I think that the operating system is bound to that. I think that it needs to follow Kubernetes as close as possible. There’re constantly different feature gates being opened up. There’re things being graduated to GA. I think especially at this time right now, as rapid as the technology is changing, you need an operating system that is going to evolve with it or at least the operations intelligence to evolve with Kubernetes right alongside it.
[00:13:20] BL: So that brings up an interesting point. I mean, there are two things here. There’s the operating system itself and there’s Kubernetes. Do they upgrade in lockstep or are they upgraded separately?
[00:13:29] AR: I could only speak for ourselves. There are people that I think they actually have upgrades kind of be one and the same, where the operating system and a Kubernetes upgrade both happen. We’ve decided started to go the other route where we actually want to evolve our APIs sort of independently, but then give you a way to still manage Kubernetes on its own. We’ve actually done self-hosted Kubernetes. In Talos, we’ll actually bootstrap a lightweight control plane, small control plane and then we’ll spin up another control plane using the Kubernetes API.

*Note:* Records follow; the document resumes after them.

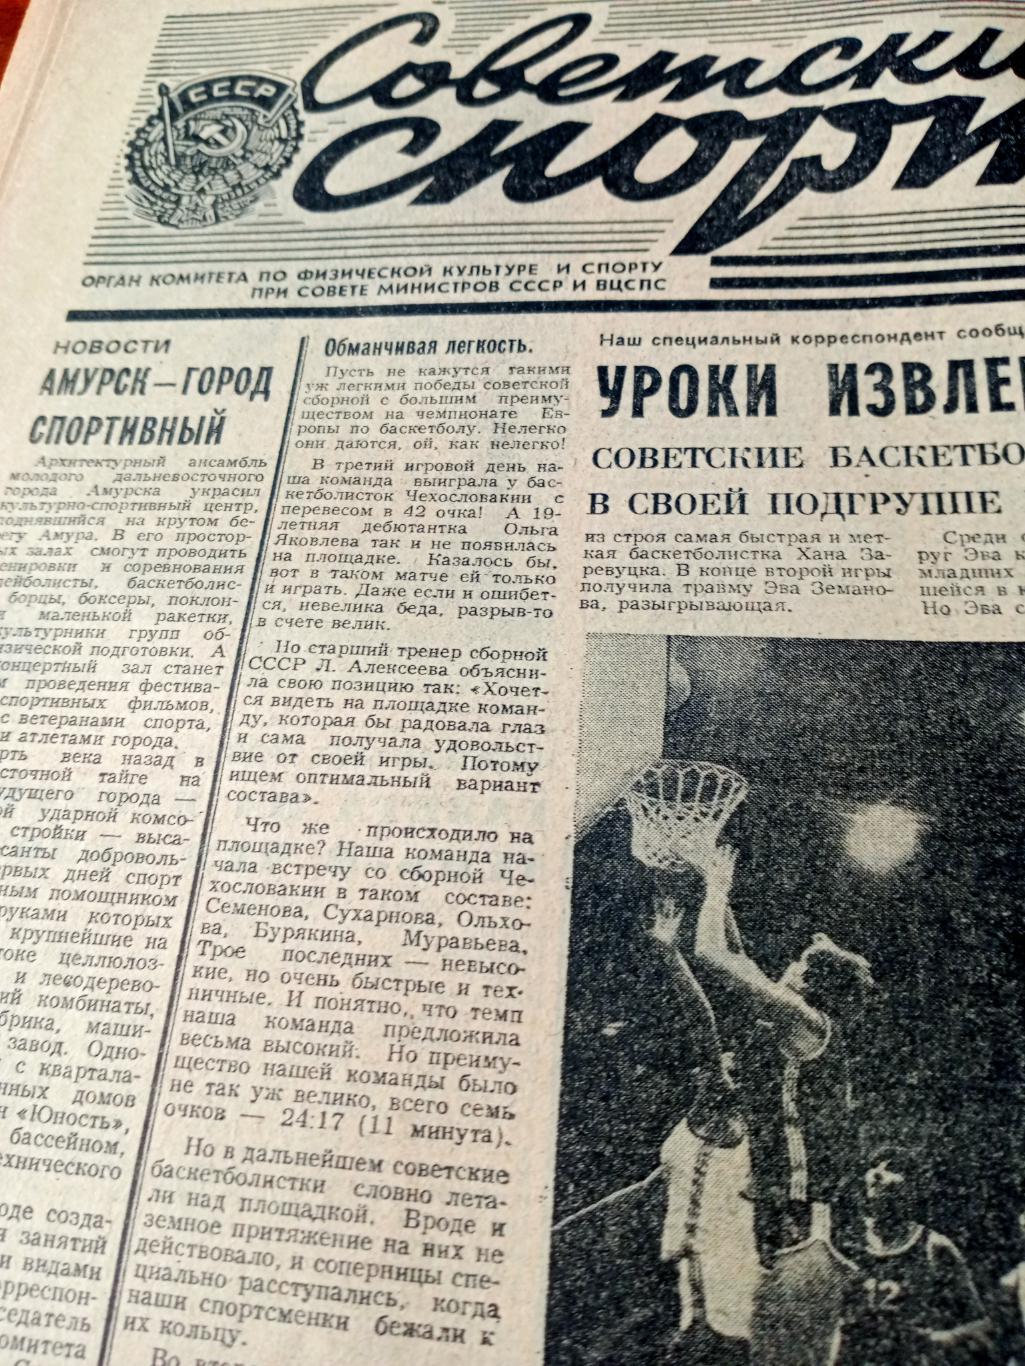 Еврокубки. Советский спорт. 1983 год. 15 сентября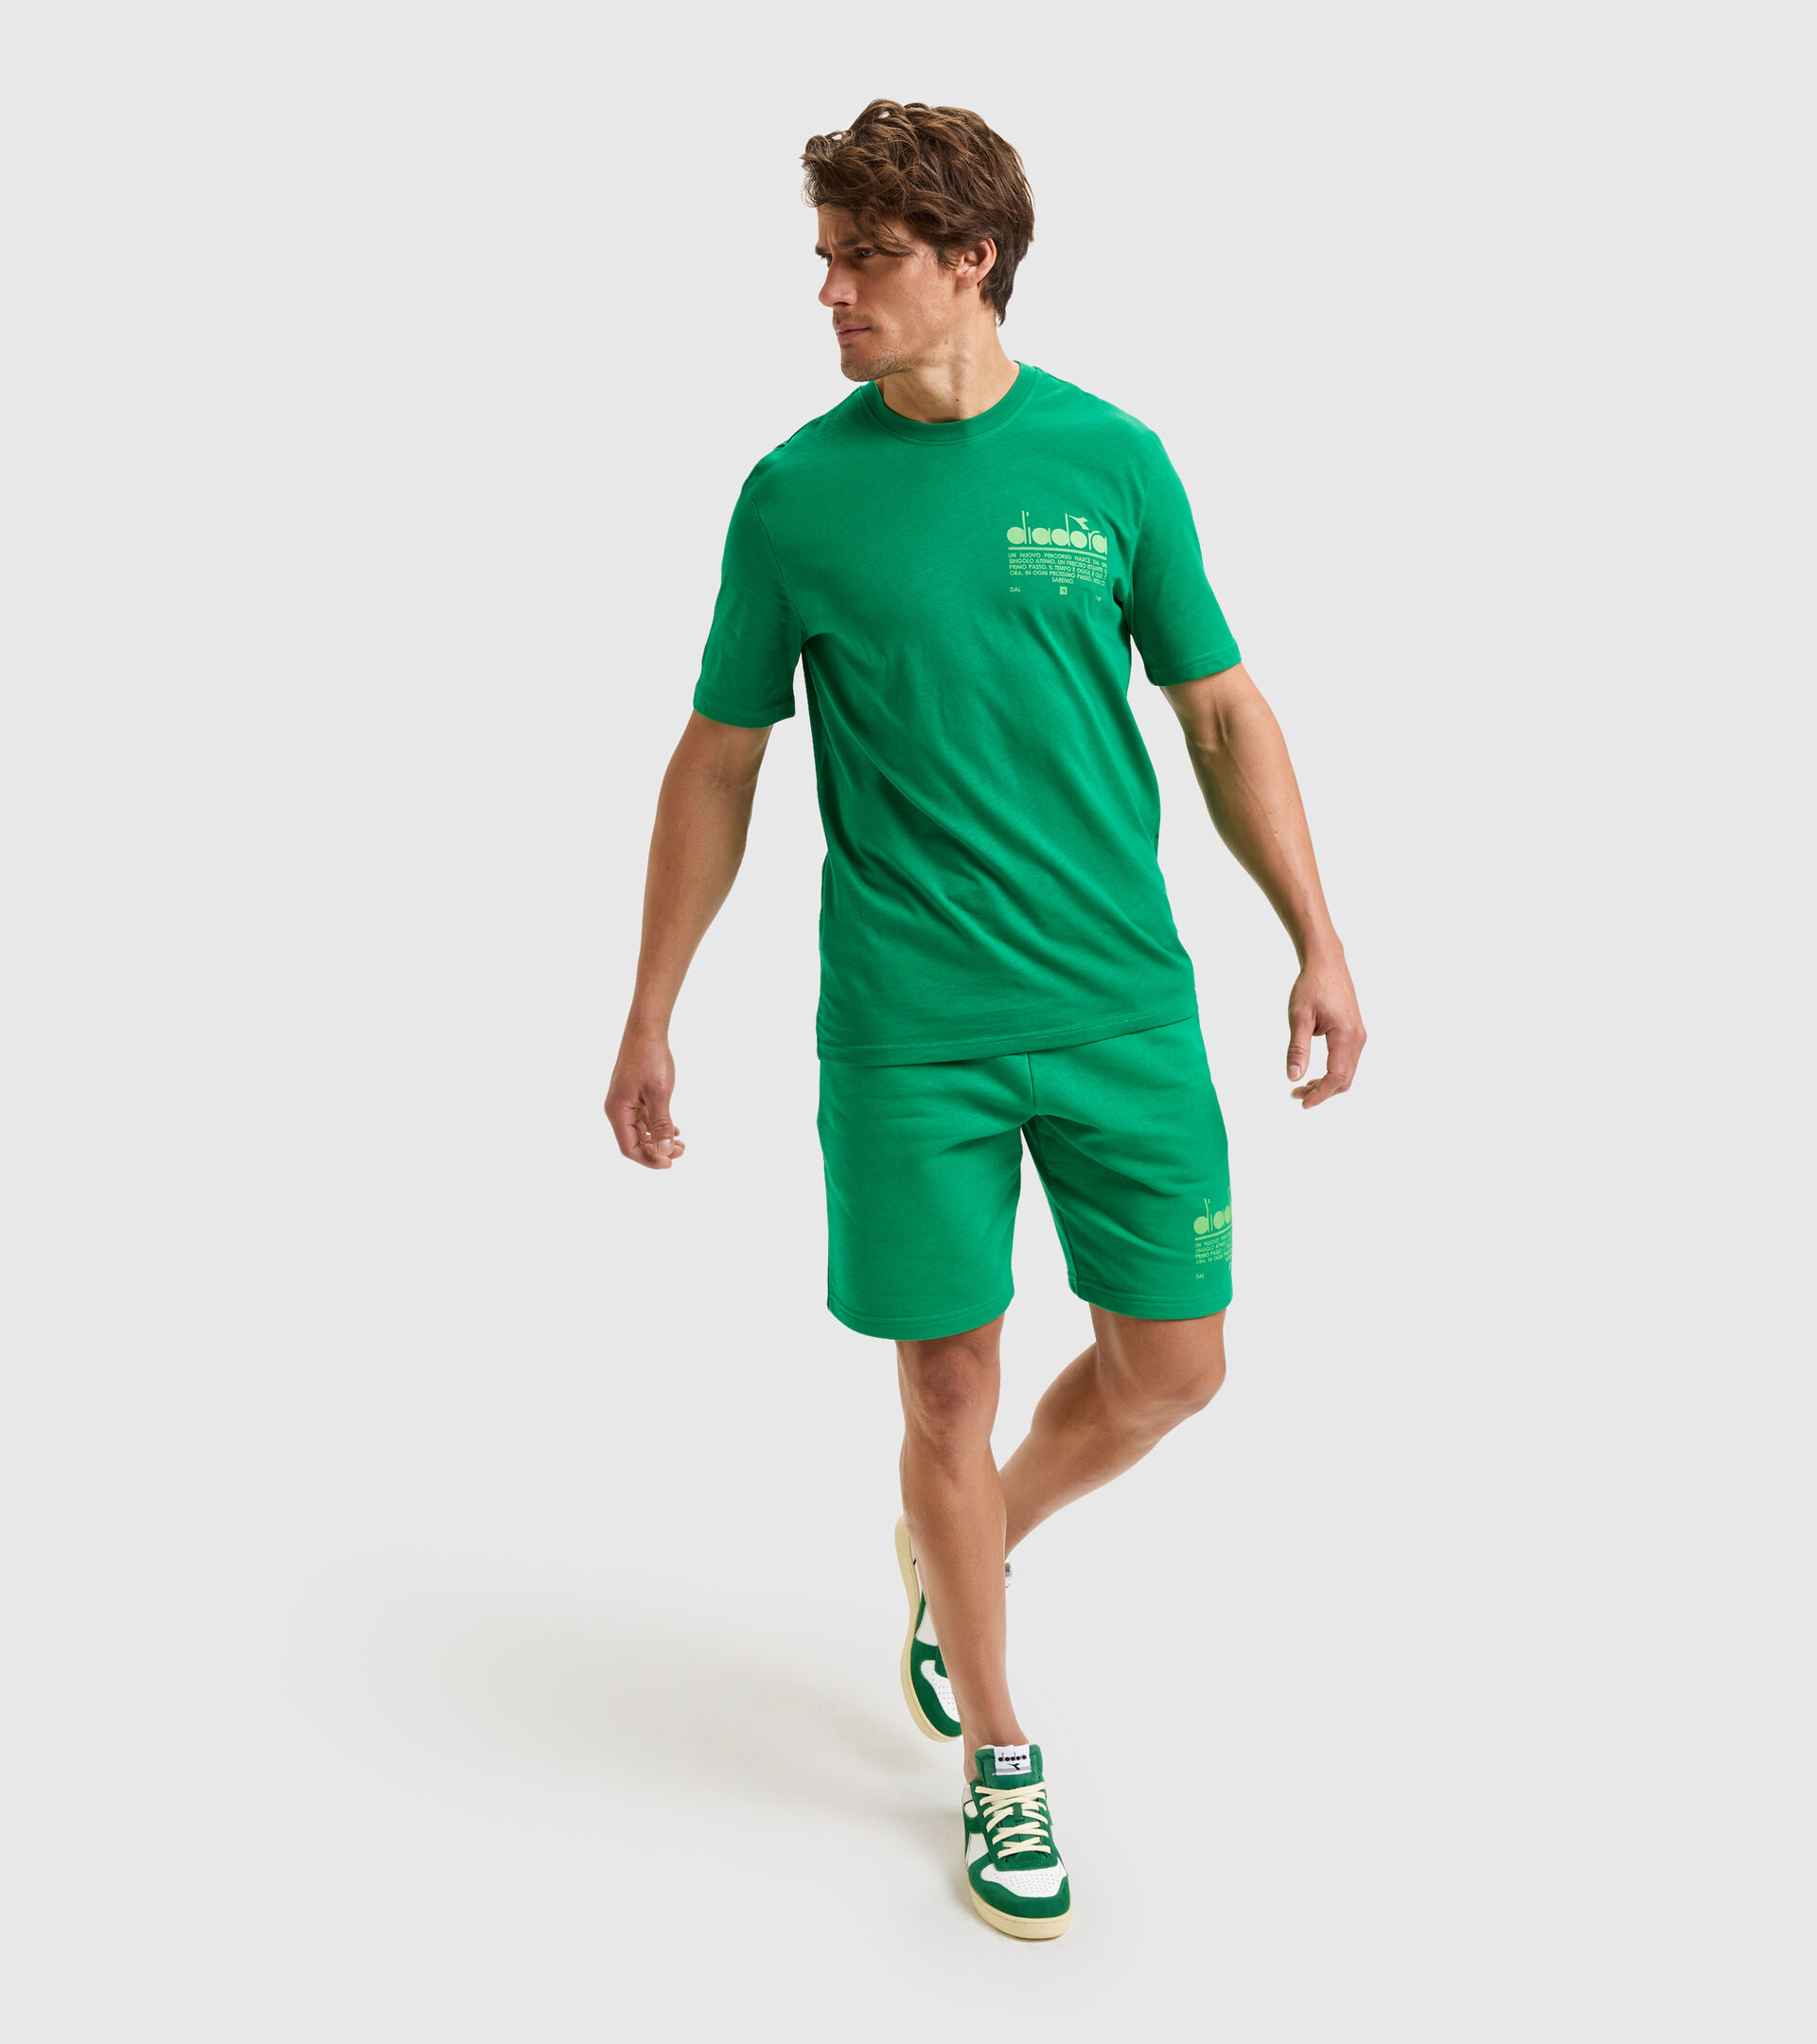 Cotton t-shirt - Unisex T-SHIRT SS MANIFESTO JOLLY GREEN - Diadora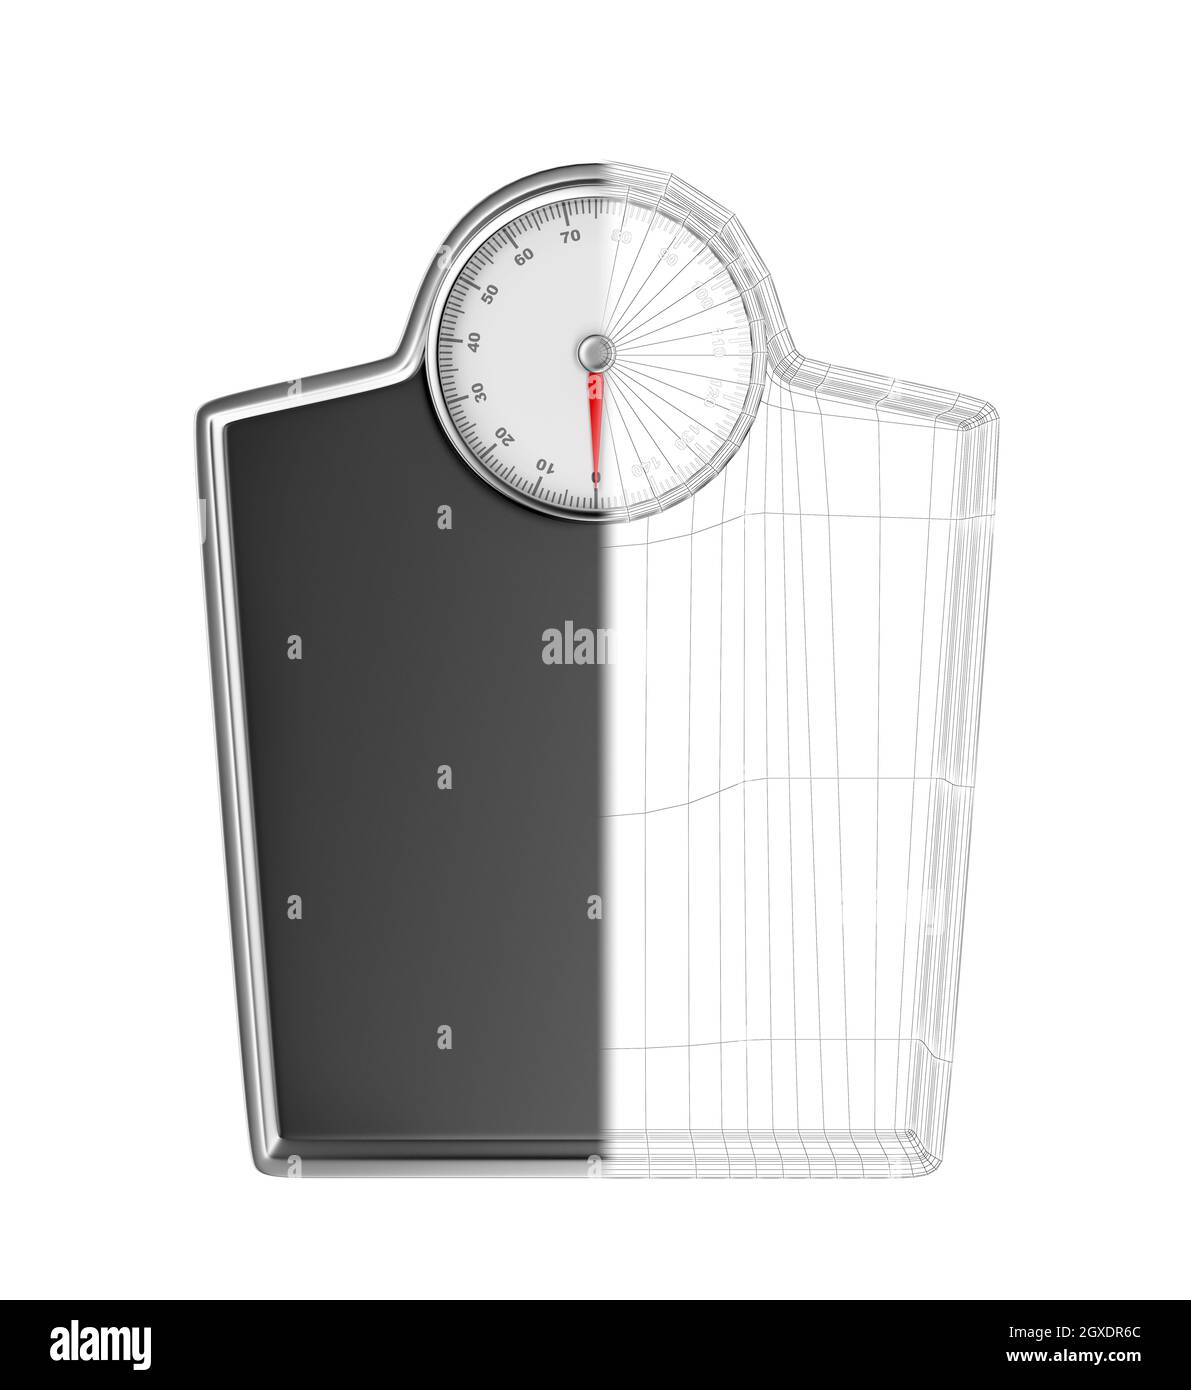 Analog weight scale stock image. Image of shape, isolated - 146093597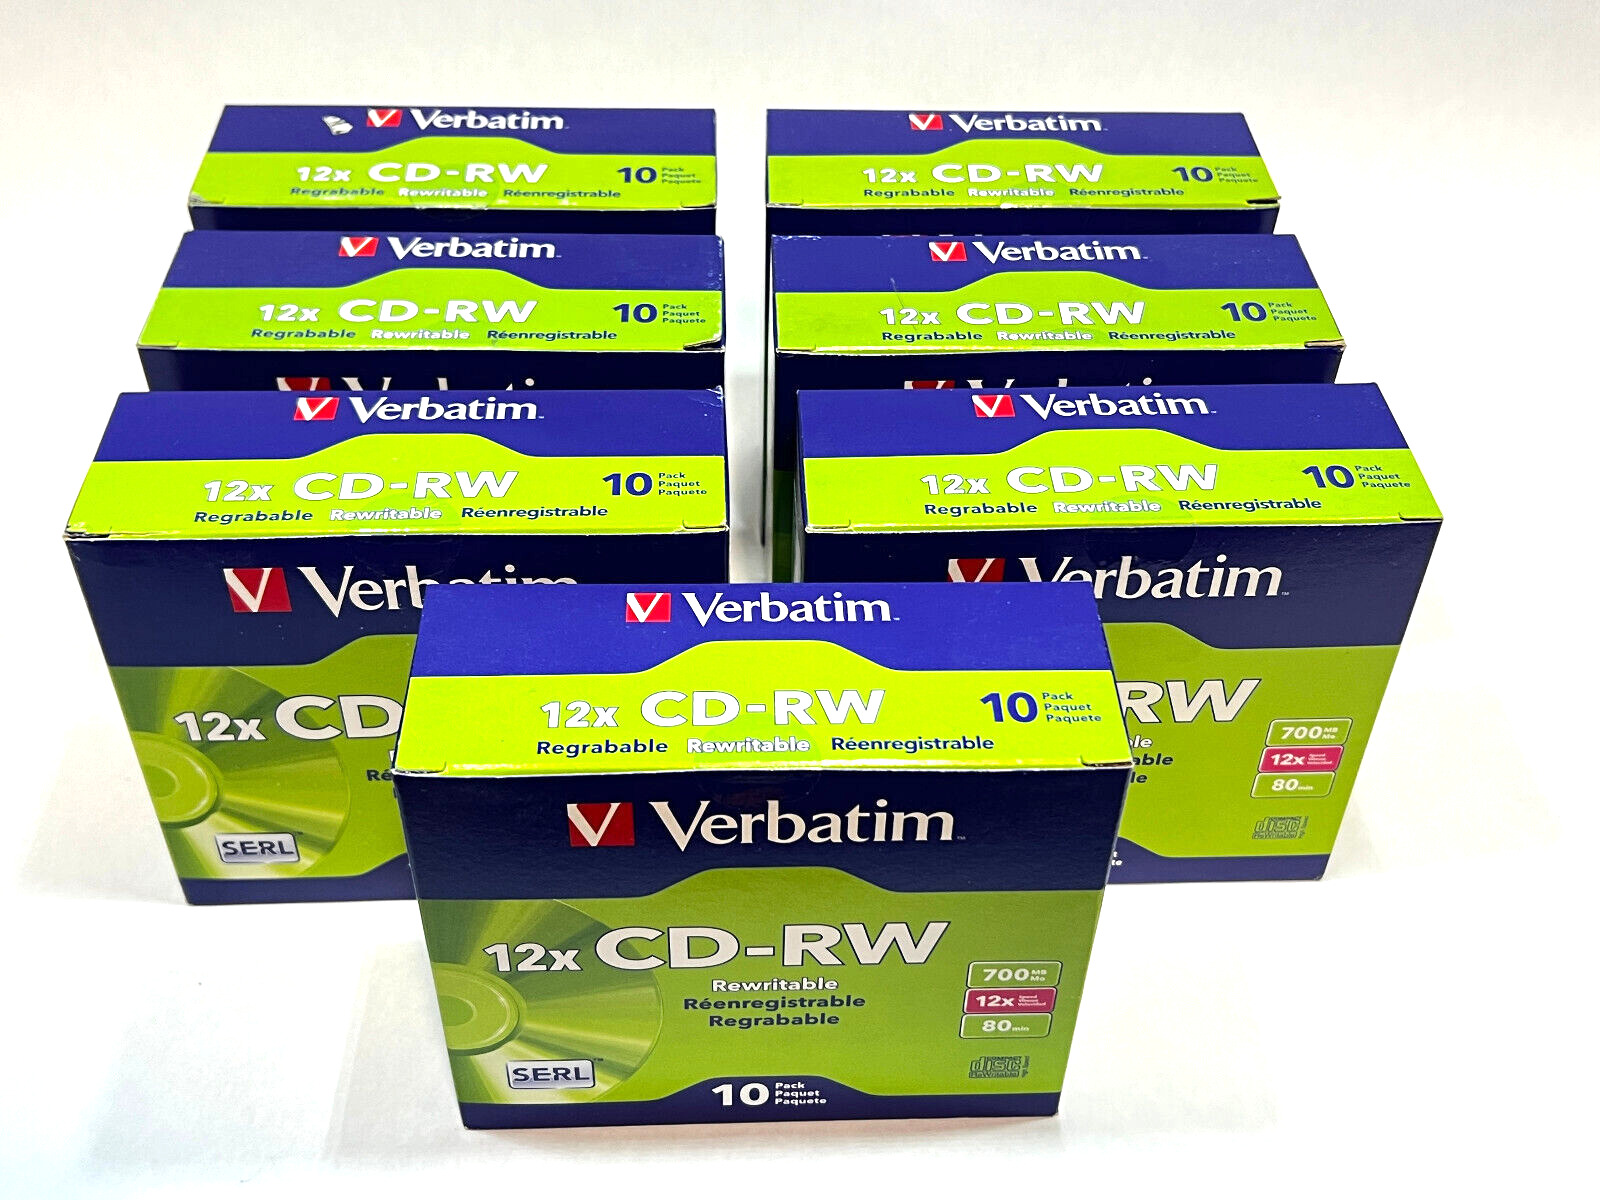 Lot of 70x Verbatim 12x Cd-RW Media - 700mb - 120mm Standard - 10 Pack Slim Case

Then now, Kubernetes upgrades simply look like a kubectl edit. I’m going to update my daemon step for my API server. Then from there, you will have to basically update the kub. We use hyperkub for the kubelet. You have to tell Talos, “Use this kubelet image next time you boot.”
We’ve separated the two I think for good reason. I think that the two should be able to evolve independently to give a little bit more power back to the user. If you combine them, if you couple them really closely, it becomes really, really opinionated. I think we should at least support what Kubernetes supports, and that’s the N-2 and leave it up to the user to kind of configure Kubernetes, but we still have same best practices out of the box.
[00:14:54] BL: Yeah, that makes sense, because yesterday, what did we get? We got a Kubernetes 1.15.10, and I don’t know 16, but we got 1.17.3 yesterday too. You might not want to move, because you might not – 1.17 introduced a whole bunch of deprecations and for custom resource definition. You’re not ready to move yet. We’re on beta 1 for a while for CRDs. I totally see why you had moved that direction.
[00:15:20] AR: Yeah, that’s exactly it. We can’t impose too much opinion, but I think that we should drive – The opinion at least up until like, “Hey, don’t worry about what’s on this machine. I’m going to make it a Kubernetes node for you. Just tell me which version you want.” I think that’s where we should draw the boundary and then we should still give the controls back to the user as far as what flags do I want to specify. What kind of feature gates? All these various things that you don’t get out of a lot of the different managed products out there. Hopefully we’ll be tittering right on the line of having that convenience of managed but still giving you that power and flexibility to update a flag if you need to.
[00:16:04] CC: This episode is so in the style of an interrogation. It’s hilarious.
[00:16:08] BL: That’s me. I’m digging in.
[00:16:09] CC: I feel like – No. We are all digging in. It’s just because – At least speaking from myself. I’m super curious. I wanted to ask you, Andrew, at the beginning you were saying that a Kubernetes operating system needs to integrate with Kubernetes and I was sitting here thinking, “Operate? It’s supposed to be Kubernetes.” What did you have in mind when you said that? Did you mean to be able to interface with another Kubernetes cluster? Was that what you meant?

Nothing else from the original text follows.